Prediction Models of Obstructive Sleep Apnea in Pregnancy: A Systematic Review and Meta-Analysis of Model Performance

Diagnostics (Basel). 2021 Jun 15;11(6):1097. doi: 10.3390/diagnostics11061097.

Abstract

Background: Gestational obstructive sleep apnea (OSA) is associated with adverse maternal and fetal outcomes. Timely diagnosis and treatment are crucial to improve pregnancy outcomes. Conventional OSA screening questionnaires are less accurate, and various prediction models have been studied specifically during pregnancy.

Methods: A systematic review and meta-analysis were performed for multivariable prediction models of both development and validation involving diagnosis of OSA during pregnancy.

Results: Of 1262 articles, only 6 studies (3713 participants) met the inclusion criteria and were included for review. All studies showed high risk of bias for the construct of models. The pooled C-statistics (95%CI) for development prediction models was 0.817 (0.783, 0850), I2 = 97.81 and 0.855 (0.822, 0.887), I2 = 98.06 for the first and second-third trimesters, respectively. Only multivariable apnea prediction (MVAP), and Facco models were externally validated with pooled C-statistics (95%CI) of 0.743 (0.688, 0.798), I2 = 95.84, and 0.791 (0.767, 0.815), I2 = 77.34, respectively. The most common predictors in the models were body mass index, age, and snoring, none included hypersomnolence.

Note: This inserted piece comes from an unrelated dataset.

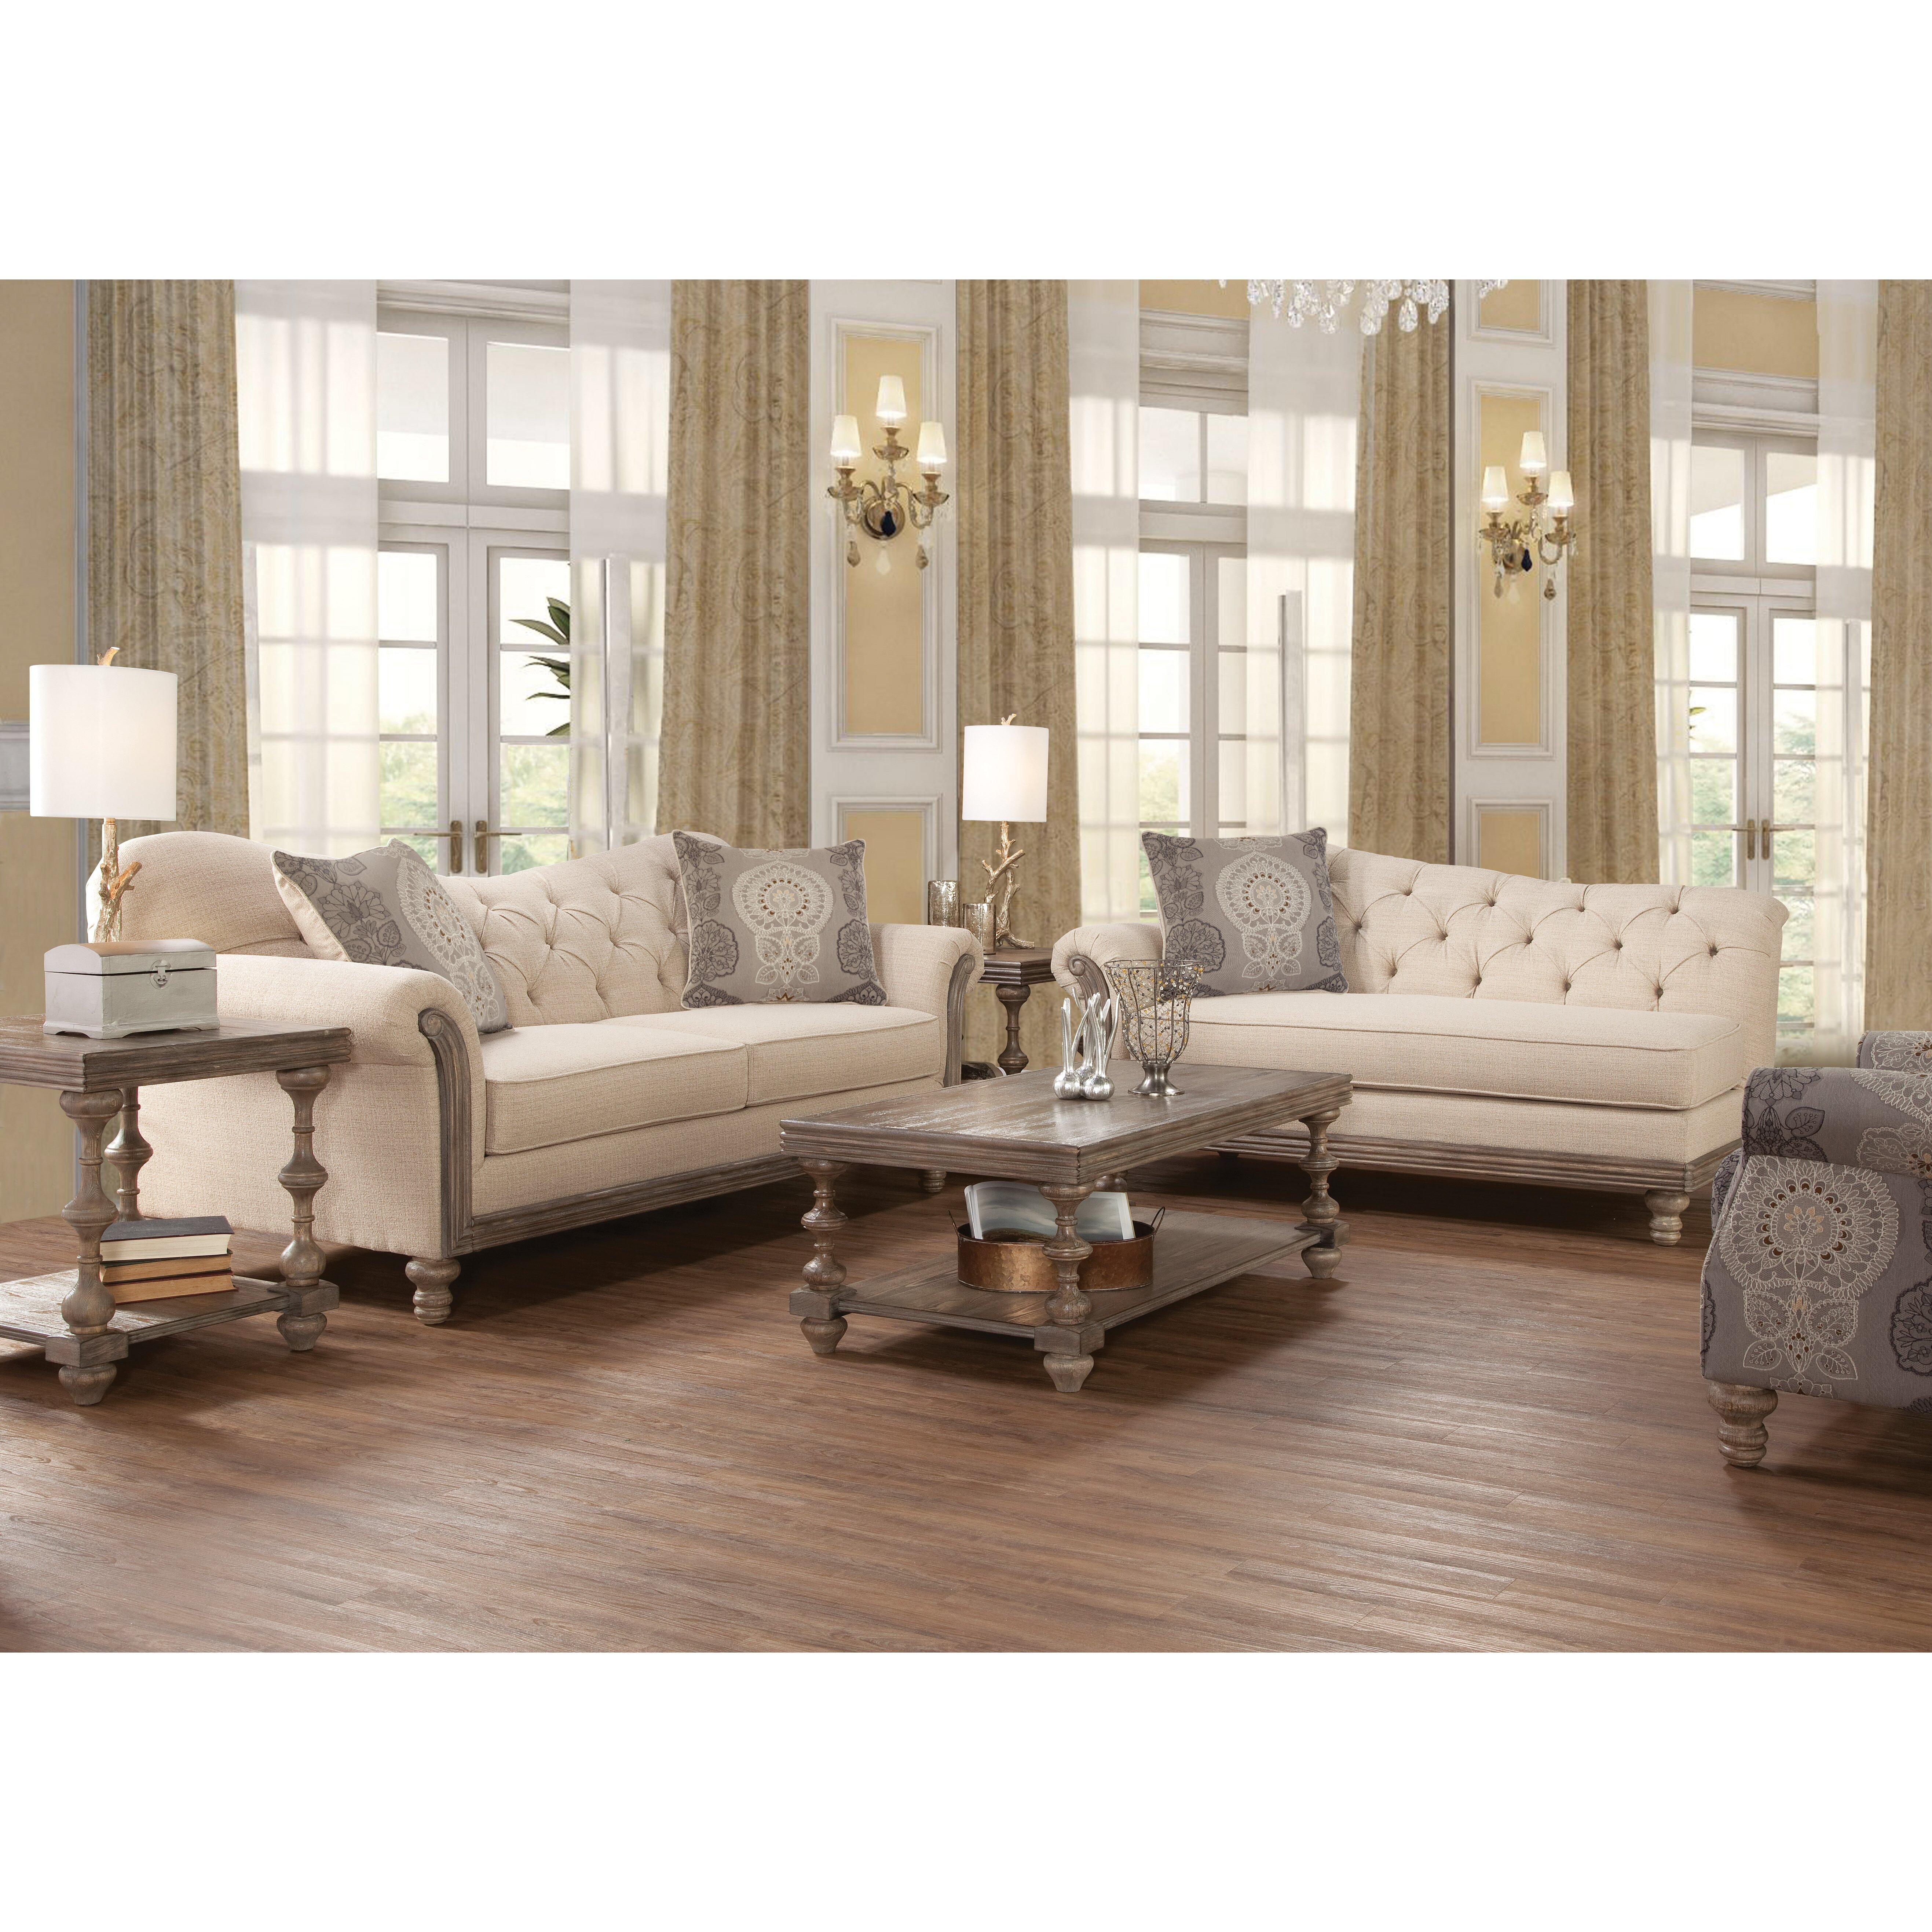 Bungalow rose serta upholstery roosa sofa

Conclusions: Prediction models for gestational OSA showed good performance during early and late trimesters. A high level of heterogeneity and few external validations were found indicating limitation for generalizability and the need for further studies.

Keywords: gestational obstructive sleep apnea; prediction model; systematic review and meta-analysis.